### What is required
Your copy should begin with the line containing "Round antique table", end with the line containing "This table is", match the listing below exactly, and contain no pictures.

### Data supplied
++++++
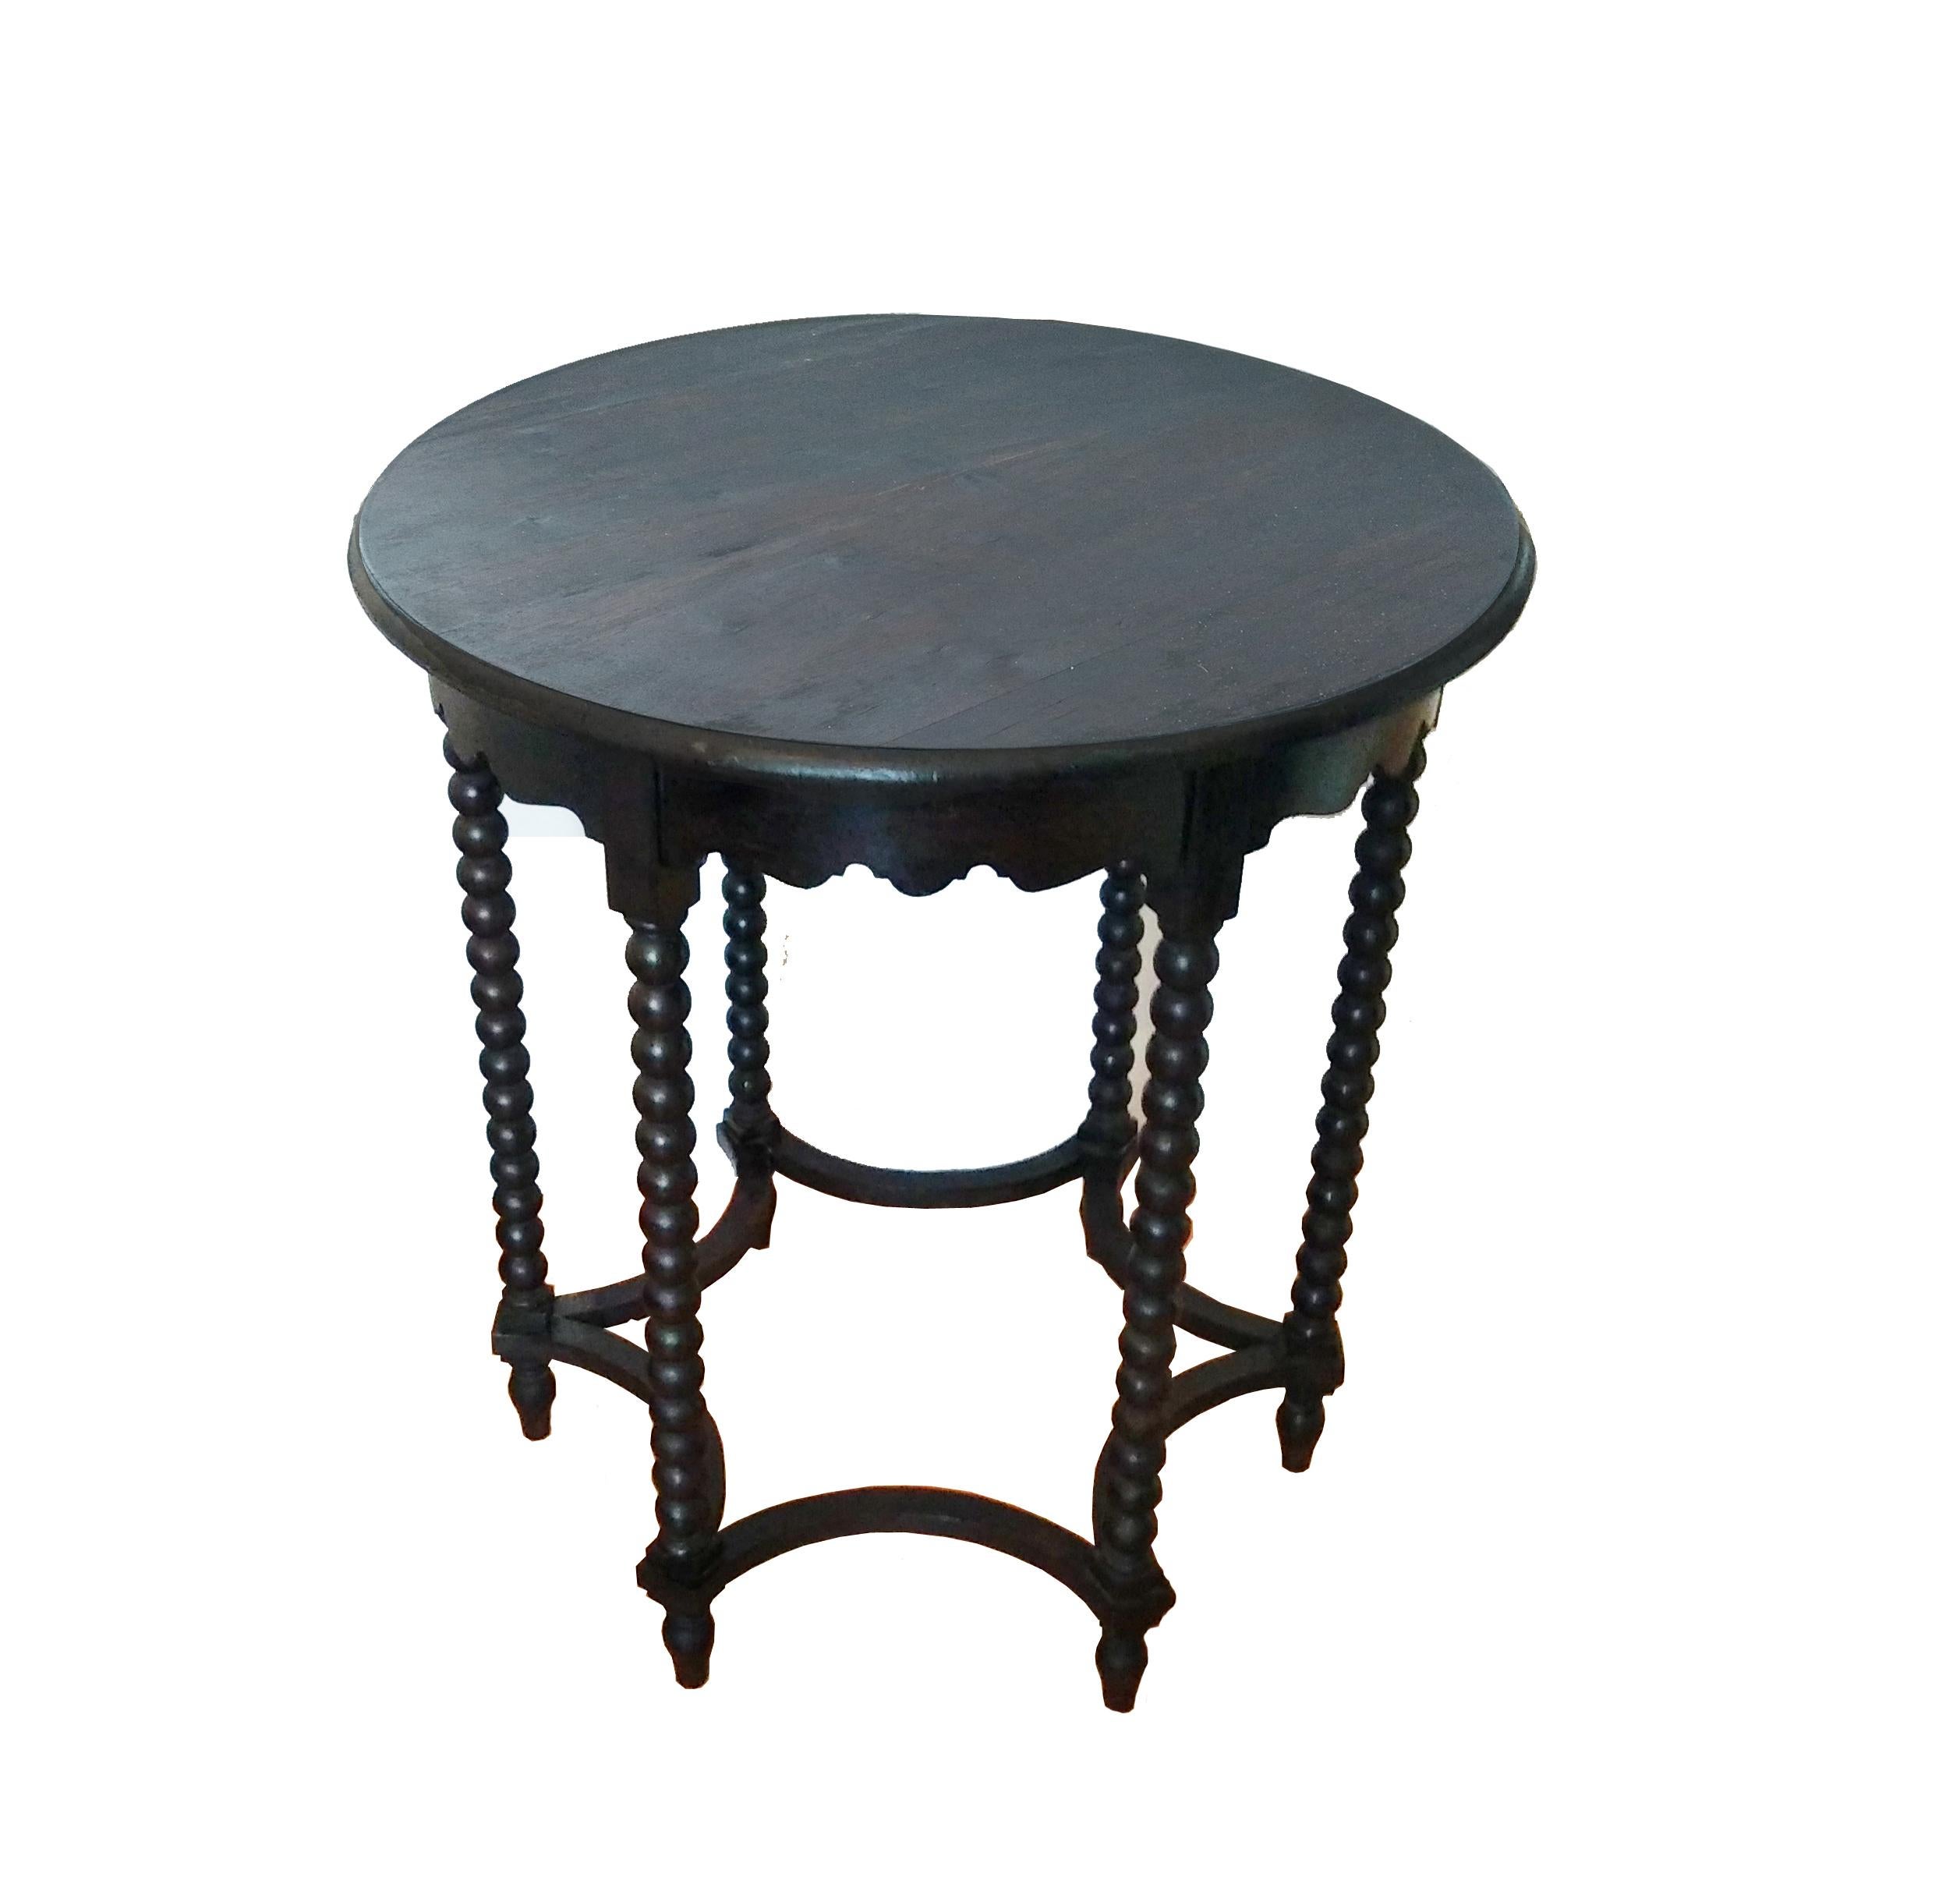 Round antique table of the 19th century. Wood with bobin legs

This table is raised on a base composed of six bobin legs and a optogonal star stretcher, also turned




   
++++++
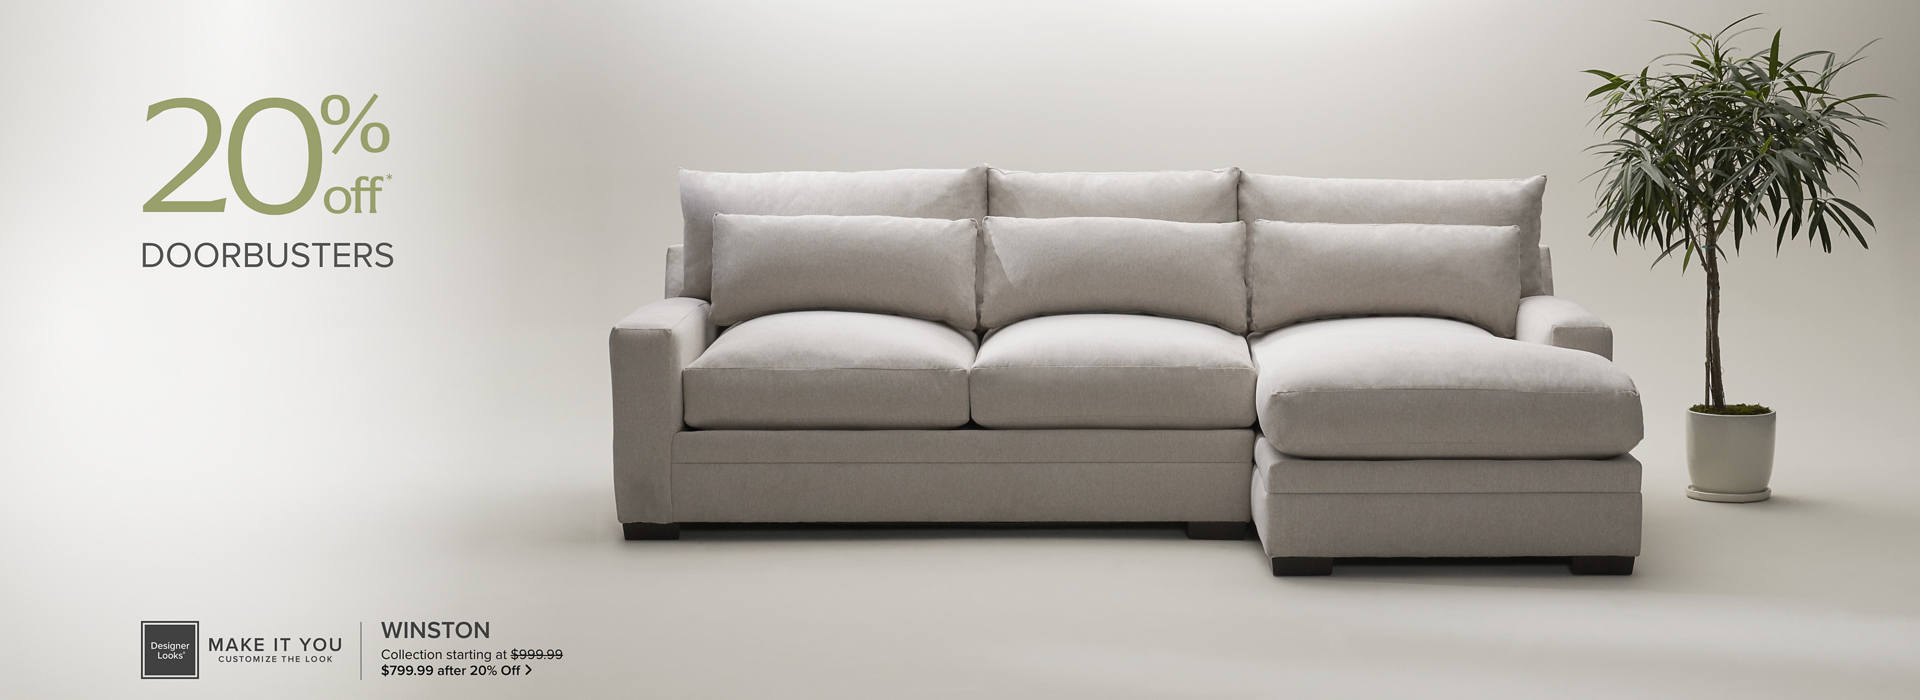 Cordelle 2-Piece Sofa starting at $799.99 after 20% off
++++++
### Answer box
 Round antique table of the 19th century. Wood with bobin legs

This table is raised on a base composed of six bobin legs and a optogonal star stretcher, also turned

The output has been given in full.